▶ **To do**: Of all the lines below, return only those starting with the line holding "Brass & Teak" and going on through the line holding "Norflx Kids Balance", exactly as written.

Content starts

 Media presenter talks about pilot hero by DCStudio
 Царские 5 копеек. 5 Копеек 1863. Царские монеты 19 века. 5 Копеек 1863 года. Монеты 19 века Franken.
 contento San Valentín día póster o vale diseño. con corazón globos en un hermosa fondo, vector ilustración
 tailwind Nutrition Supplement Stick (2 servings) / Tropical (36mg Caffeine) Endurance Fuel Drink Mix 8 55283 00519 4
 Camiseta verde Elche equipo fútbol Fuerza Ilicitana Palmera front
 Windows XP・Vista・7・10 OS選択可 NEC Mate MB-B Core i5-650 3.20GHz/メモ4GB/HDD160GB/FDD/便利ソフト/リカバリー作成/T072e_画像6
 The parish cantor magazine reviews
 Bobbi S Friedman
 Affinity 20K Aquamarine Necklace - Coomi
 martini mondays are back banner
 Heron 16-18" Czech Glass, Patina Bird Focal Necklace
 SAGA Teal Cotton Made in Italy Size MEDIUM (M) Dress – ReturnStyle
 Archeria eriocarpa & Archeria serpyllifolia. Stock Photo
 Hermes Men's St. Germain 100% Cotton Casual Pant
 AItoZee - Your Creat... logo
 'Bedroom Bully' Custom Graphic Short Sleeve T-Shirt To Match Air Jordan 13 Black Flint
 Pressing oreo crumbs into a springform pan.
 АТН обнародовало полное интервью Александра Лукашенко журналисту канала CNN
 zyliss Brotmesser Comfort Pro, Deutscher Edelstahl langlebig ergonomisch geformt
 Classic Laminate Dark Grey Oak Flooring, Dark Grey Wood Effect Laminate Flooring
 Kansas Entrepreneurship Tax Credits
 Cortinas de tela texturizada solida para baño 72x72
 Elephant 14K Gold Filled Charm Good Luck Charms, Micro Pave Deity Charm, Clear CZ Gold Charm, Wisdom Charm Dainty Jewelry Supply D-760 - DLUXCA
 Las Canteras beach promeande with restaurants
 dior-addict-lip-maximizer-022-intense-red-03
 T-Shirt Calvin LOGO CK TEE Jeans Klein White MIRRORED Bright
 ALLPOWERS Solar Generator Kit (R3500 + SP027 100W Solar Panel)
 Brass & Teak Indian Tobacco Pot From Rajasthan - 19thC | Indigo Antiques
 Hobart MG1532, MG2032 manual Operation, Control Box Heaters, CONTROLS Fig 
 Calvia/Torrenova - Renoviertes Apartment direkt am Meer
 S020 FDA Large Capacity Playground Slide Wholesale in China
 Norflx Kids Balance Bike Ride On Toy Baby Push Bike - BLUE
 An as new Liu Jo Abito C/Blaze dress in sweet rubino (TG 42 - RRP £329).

Content ends

▶ **Reply to the exercise**:
 Brass & Teak Indian Tobacco Pot From Rajasthan - 19thC | Indigo Antiques
 Hobart MG1532, MG2032 manual Operation, Control Box Heaters, CONTROLS Fig 
 Calvia/Torrenova - Renoviertes Apartment direkt am Meer
 S020 FDA Large Capacity Playground Slide Wholesale in China
 Norflx Kids Balance Bike Ride On Toy Baby Push Bike - BLUE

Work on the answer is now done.